José Cueli
Ondular del fuego

El fuego olímpico iluminó Atlanta, y una antormentada humareda subió al cielo inmenso y reposado, voluptuosamene. En medio del humo apareció radiante una mujer, rebosante en ondulaciones que se retorcía sobre una alfombra de flores, semejante a una serpiente con piel de barras y estrellas, símbolo de la omnipotencia y el sadismo más cruel y --off course-- la belleza de sus artes.
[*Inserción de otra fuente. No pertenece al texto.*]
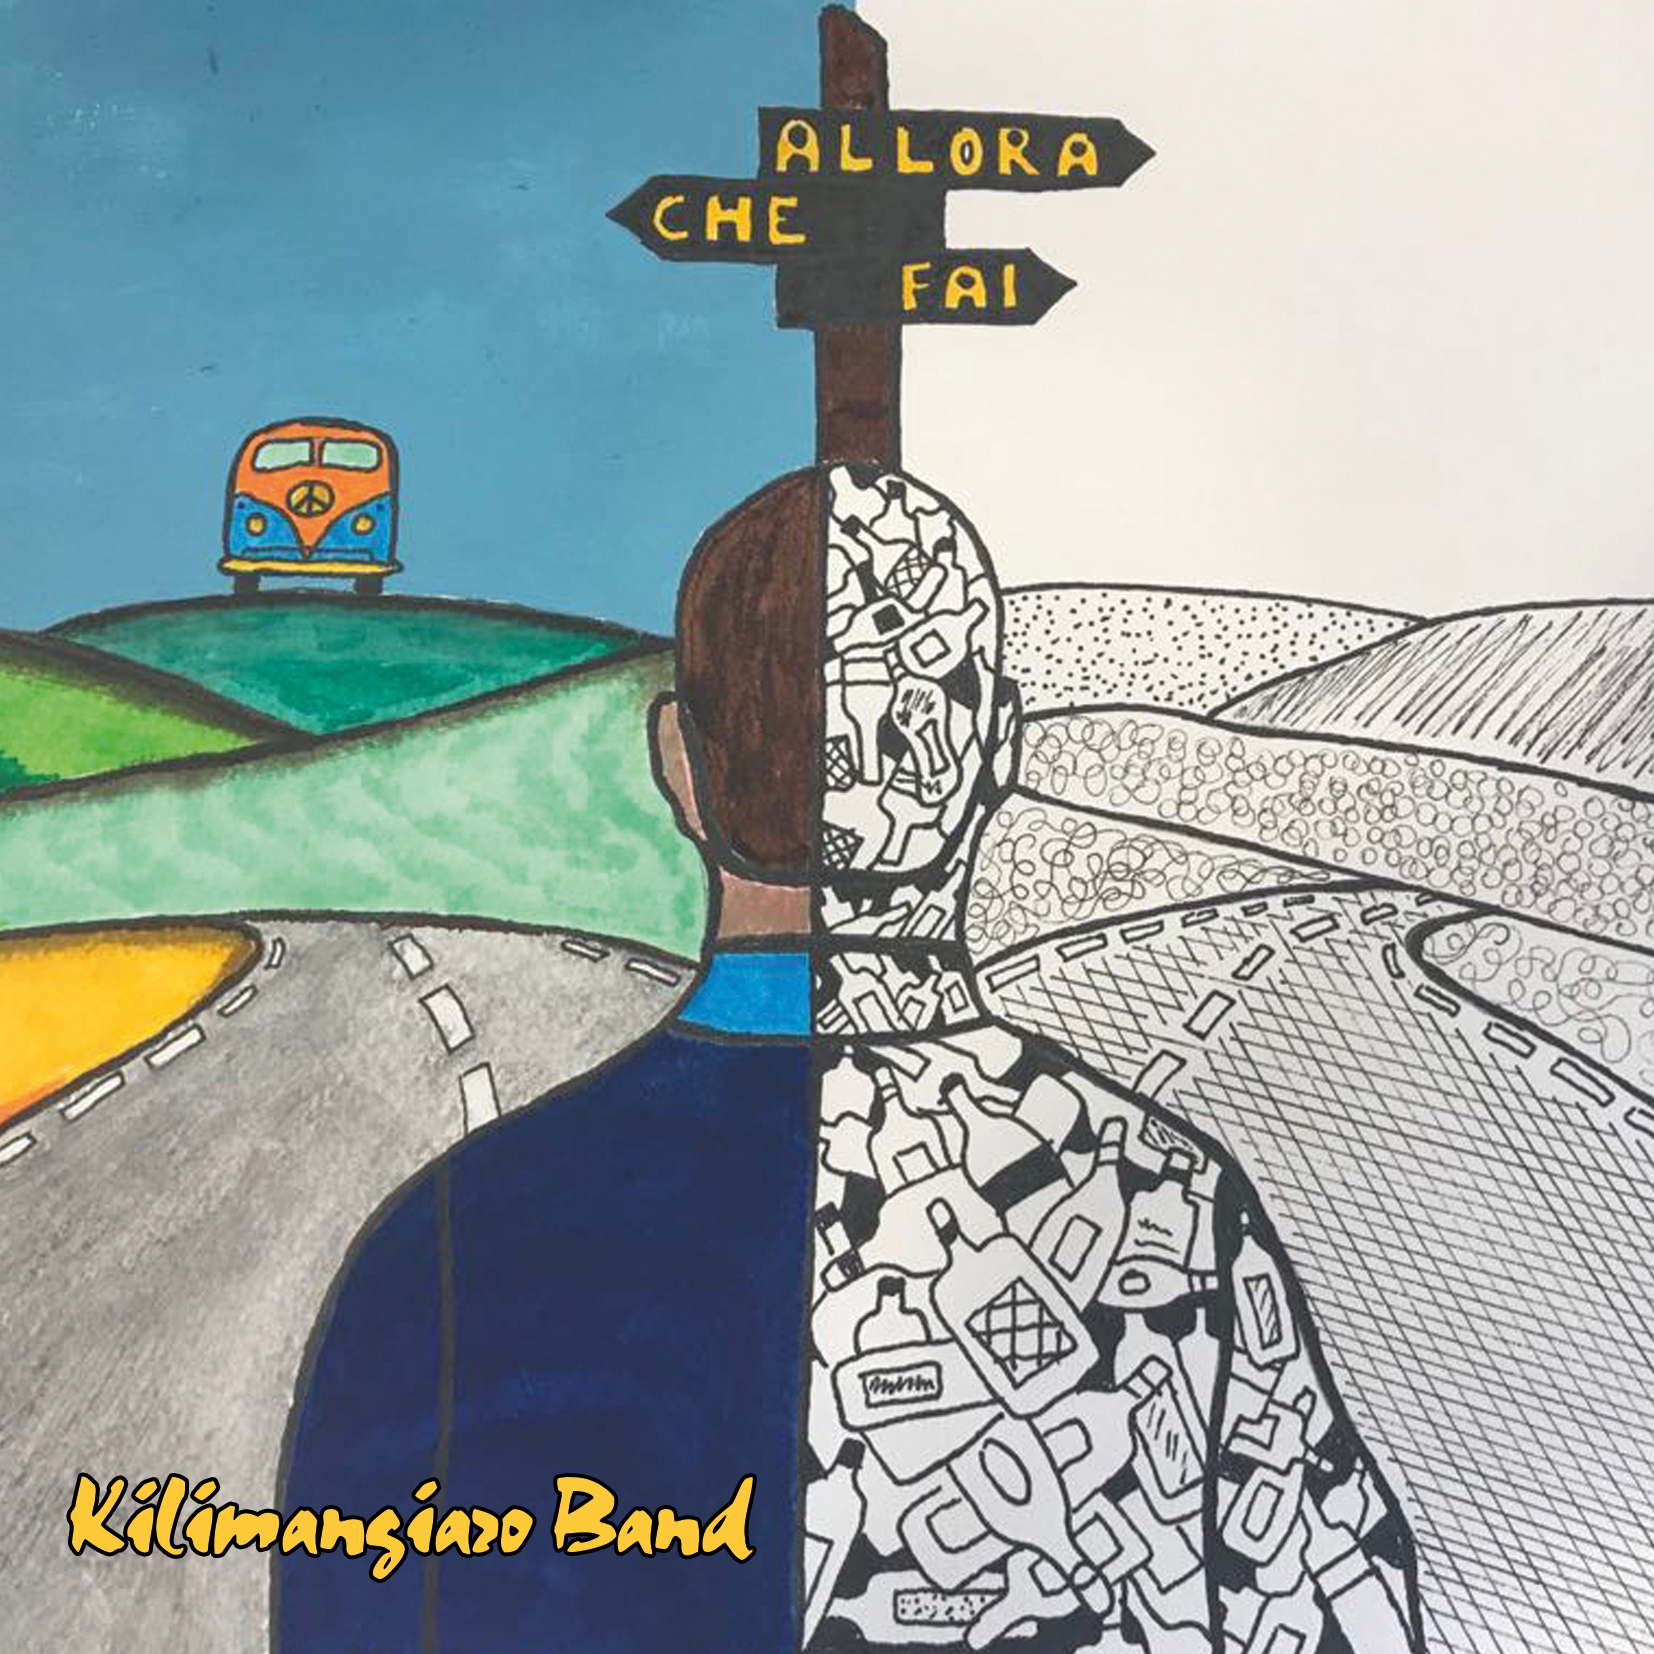 #chiguidanonbeve e il  singolo della Kilimangiaro Band “Allora che fai”

Aquí debí dibujar el punto final. Ni retórica ni comentarios han de aumentar la emoción a la página. Lo que vimos fue el cuadro de costumbres del país vencedor. Allá abajo, en jardines con pretensiones suntuosas, grandes cuadros de luces copia de los catalanes, y el reflejo admirado a la prodigiosa mujer. Una hora, después nomás y la fumadera se había reducido a un puñado de cenizas.

Y el crónico enamorado de la mujer universal, no comentaba ni se definía, en dogma, religión,y política, sólo en pasiones. Conocía el deseo póstumo de la mujer olímpica, desde otros días, y señalaba entre las nubes oscurecidas la bocanada espesa del humo del fuego olímpico ¡Piel, piel toronja de mujer!

¡Lo he vivido tanto en tantos años! La sugestión del humo en el espacio me encadenaba de nuevo a la imagen que luego se me perdía. La columna barroca del humo creadora de la mujer con sus volutas y espirales, sus retorcimientos y espamos ¿no era acaso la presencia y ausencia de la mujer disipada en la danza y el ritmo? razón de ser de la Olimpiada.

La última sí, pero ¿la anterior y las otras? La anterior, danzaba en mi recuerdo en las ramblas de Barcelona, sólo para mí, hasta que de repente en un movimiento de sus caderas crepitantes, se le rasgó el vestido y flotó la vida, se meció sobre sus muslos en ondas movibles y envolviéndose en ellos, flameándolos, jugando con su espuma, y caricias, siguió su danza ciega, sugestionada, vencida por su arte al reflejo luminoso de su cuerpo. Se abrió el cielo y nació en mí una nueva pasión olímpica.

Una nueva pasión que a falta de toros, representantes de la muerte en los pitones, desplazaba a los giros de esa libélula que competía con las bocanadas espesas del humo olímpico. Dos colores que eran uno mismo. Un mismo color rojizo con combinaciones y matices diversos. A veces sin desprendimiento del humo daba lugar a su baile serpenteante más intenso. A veces el fuego me prendía y deslizaba por la piel hasta ella y surgía el misterio de la pasión humaredera en el vestido desgarrado por la danza.